Understanding what controls the critical steps in the metastatic process reveals opportunities for targeted treatment approaches to be developed which could halt the spread of cancer.

“With knowledge of the human genome in hand, we have now entered an extraordinary era of evidence-based precision medicine, whereby the broken molecular wiring within a cancer often holds the key to their vulnerability,” Dr Cunliffe explains.

“Tools are rapidly emerging to view and understand cancers at extraordinary high resolution and our research takes advantage of these tools to unmask what drives the aggressive biology of breast cancers.”

Health Research Council chief executive Professor Kath McPherson says this year's call for proposals was about identifying potential targeted and immune therapies for breast cancer with a focus on targeted treatments, aspects of early detection, prognostic and predictive diagnoses, or preventative therapies.

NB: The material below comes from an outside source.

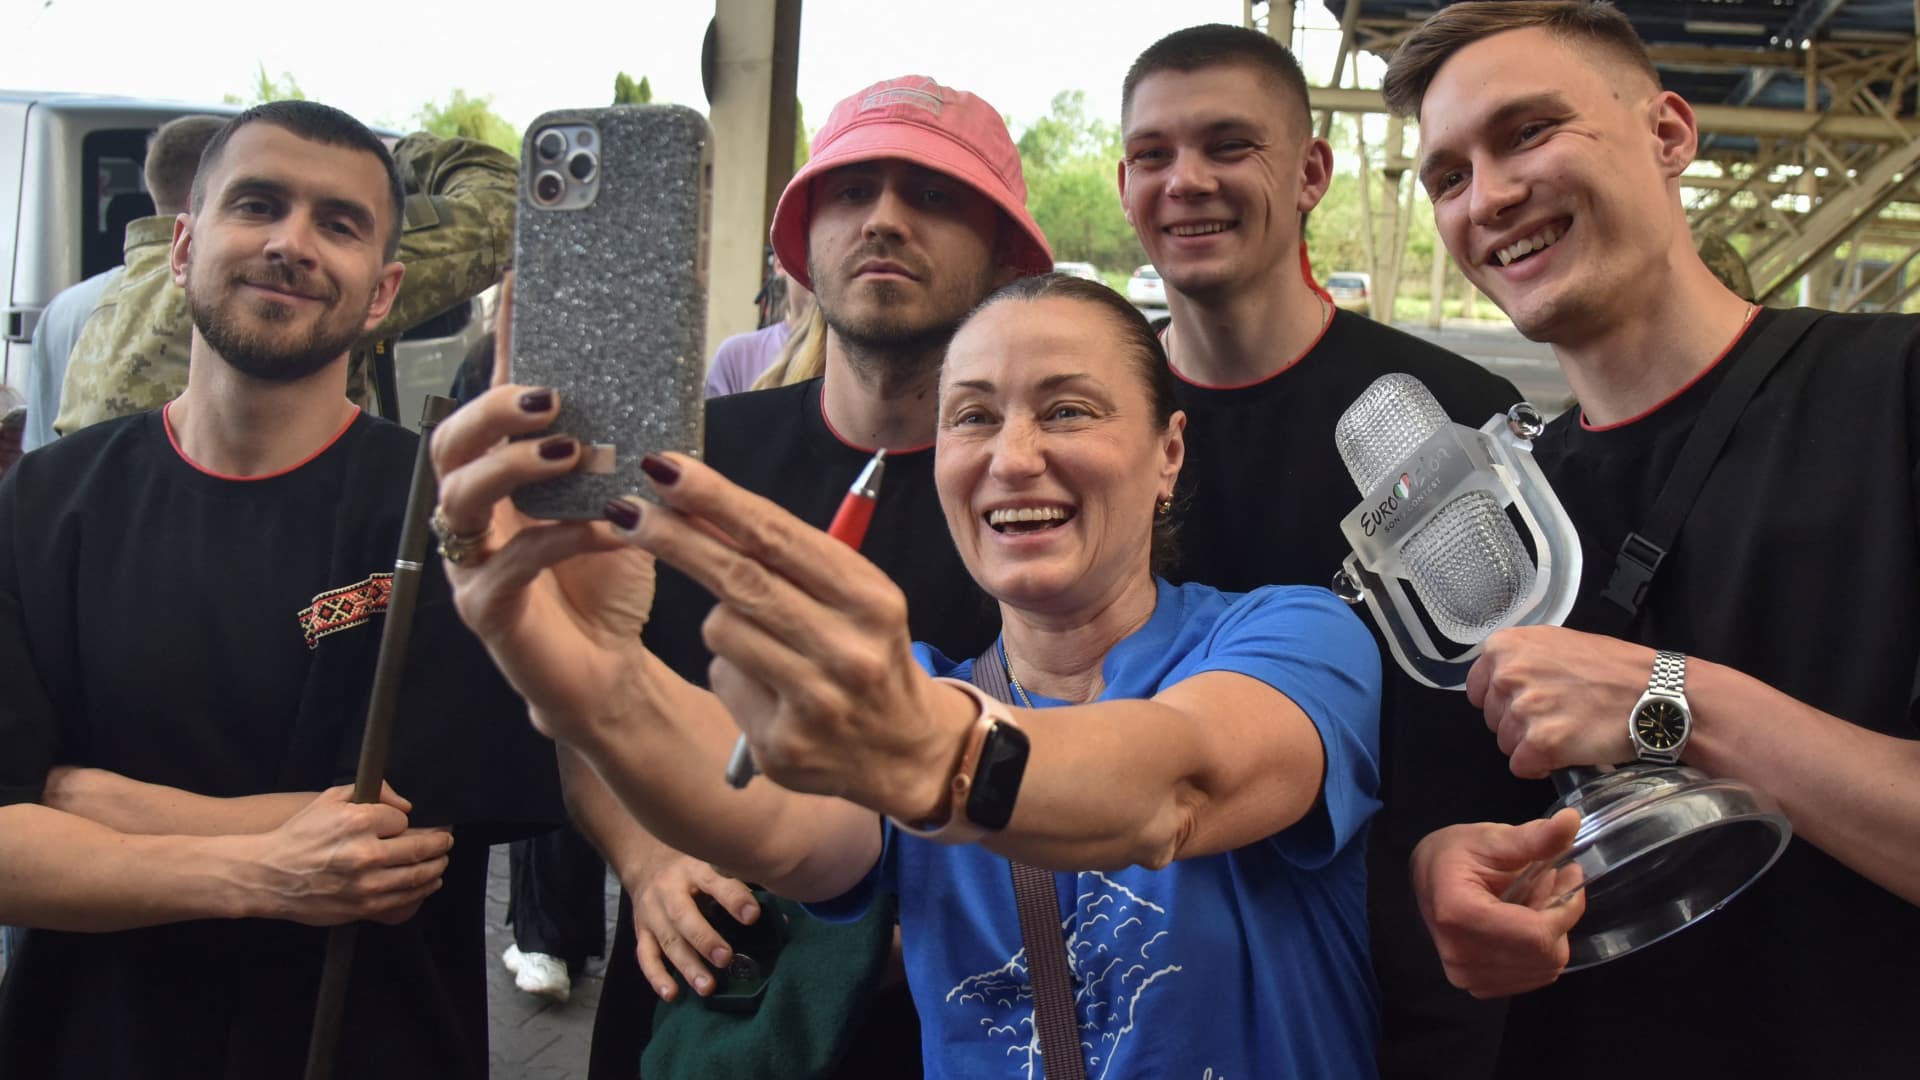 Kalush Orchestra, the winners of the 2022 Eurovision Song Contest, pose for a selfie picture with a Ukrainian woman as they arrive at the Ukraine-Poland border crossing point near the village of Krakovets, in Lviv region, Ukraine May 16, 2022. 
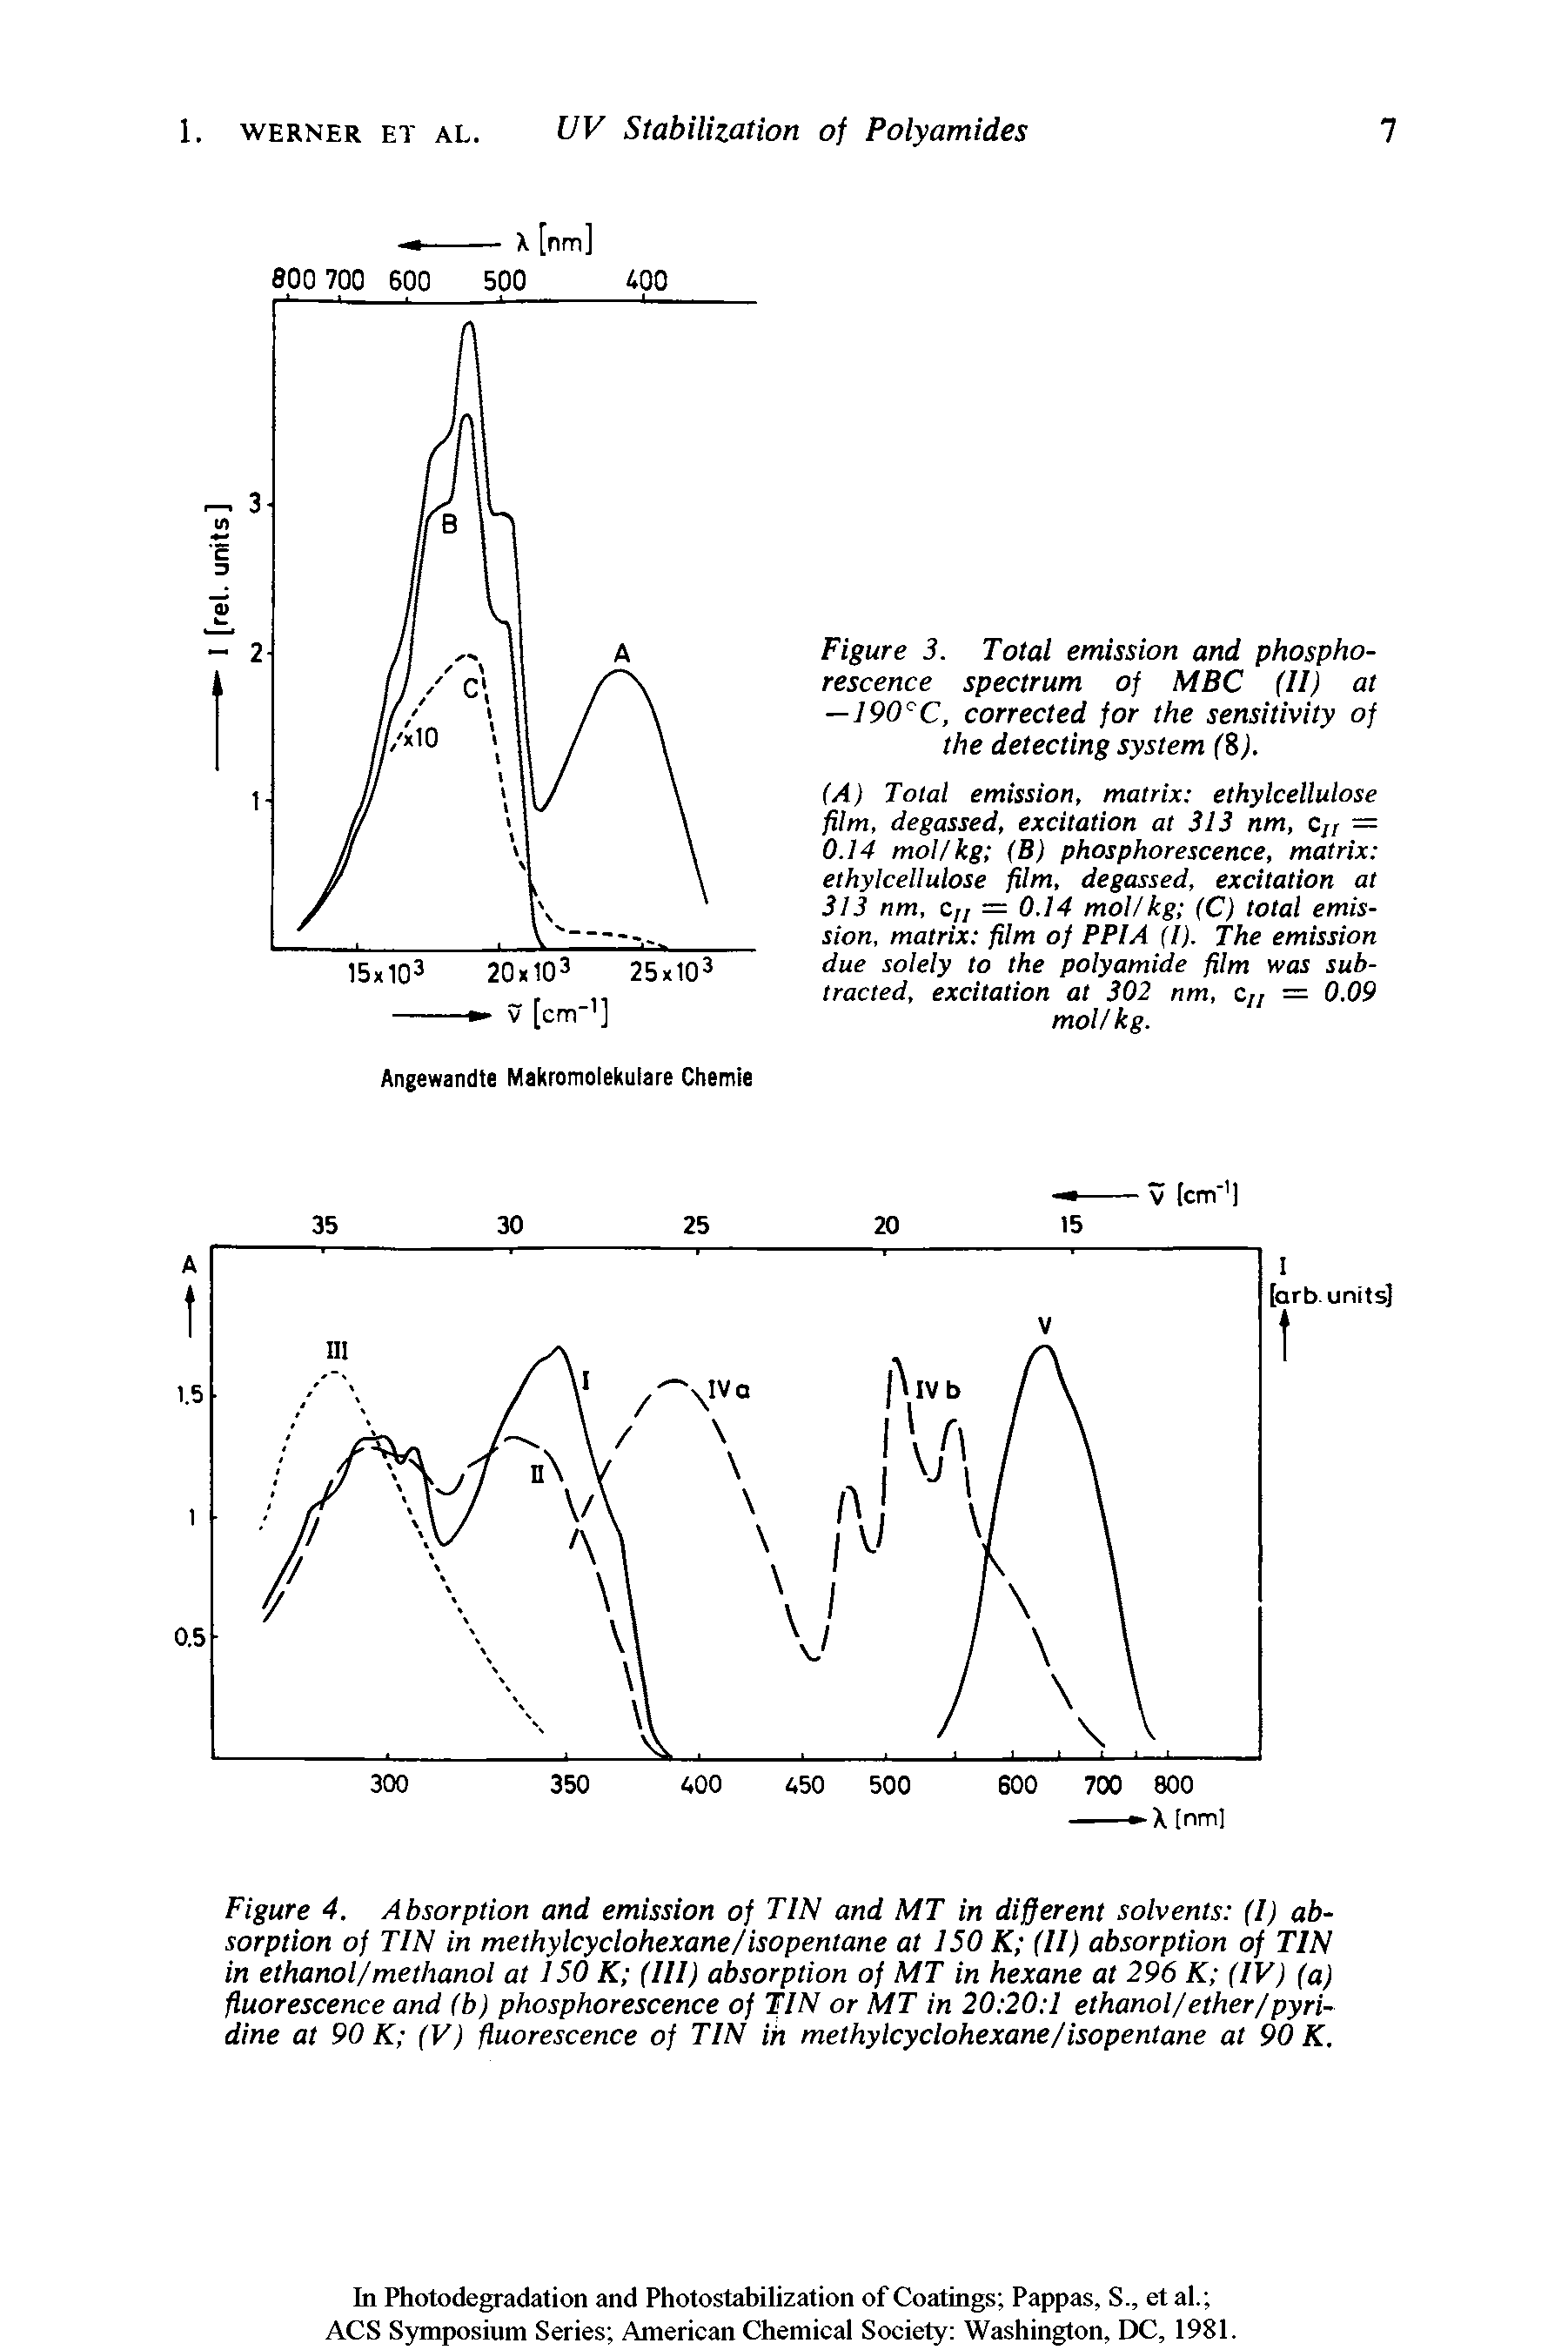 Figure 4. Absorption and emission of TIN and MT in different solvents (I) absorption of TIN in methylcyclohexane/isopentane at 150 K (II) absorption of TIN in ethanol/methanol at 150 K (III) absorption of MT in hexane at 296 K (IV) (a) fluorescence and (b) phosphorescence of TIN or MT in 20 20 1 ethanol/ether/pyridine at 90 K (V) fluorescence of TIN in methylcyclohexane/isopentane at 90 K.

“Given how many women and families are affected by breast cancer, the Health Research Council welcomes this partnership with two of the leading charities advancing knowledge in breast cancer and looks forward to seeing the results of Dr Cunliffe's work,” Professor McPherson says.

Dr Cunliffe has devoted much of her career to investigating breast cancer. For 10 years prior to returning to the University of Otago, she worked in a research faculty at the Translational Genomics Research Institute, a not-for-profit biomedical research institute in Phoenix Arizona, where she headed the Breast and Ovarian Cancer Research Unit.

After receiving her PhD in Biochemistry and Molecular Biology from the University of Otago, she trained as a Postdoctoral Fellow in the Cancer Genetics Branch of the National Human Genome Research Institute at the National Institutes of Health in Bethesda, Maryland.

The three other successful recipients of the Breast Cancer Research funding are: Dr Robert Weinkove, Malaghan Institute of Medical Research ($249,732); Professor John Miller, Victoria University ($100,000) and Dr Dean Singleton, University of Auckland ($237,494).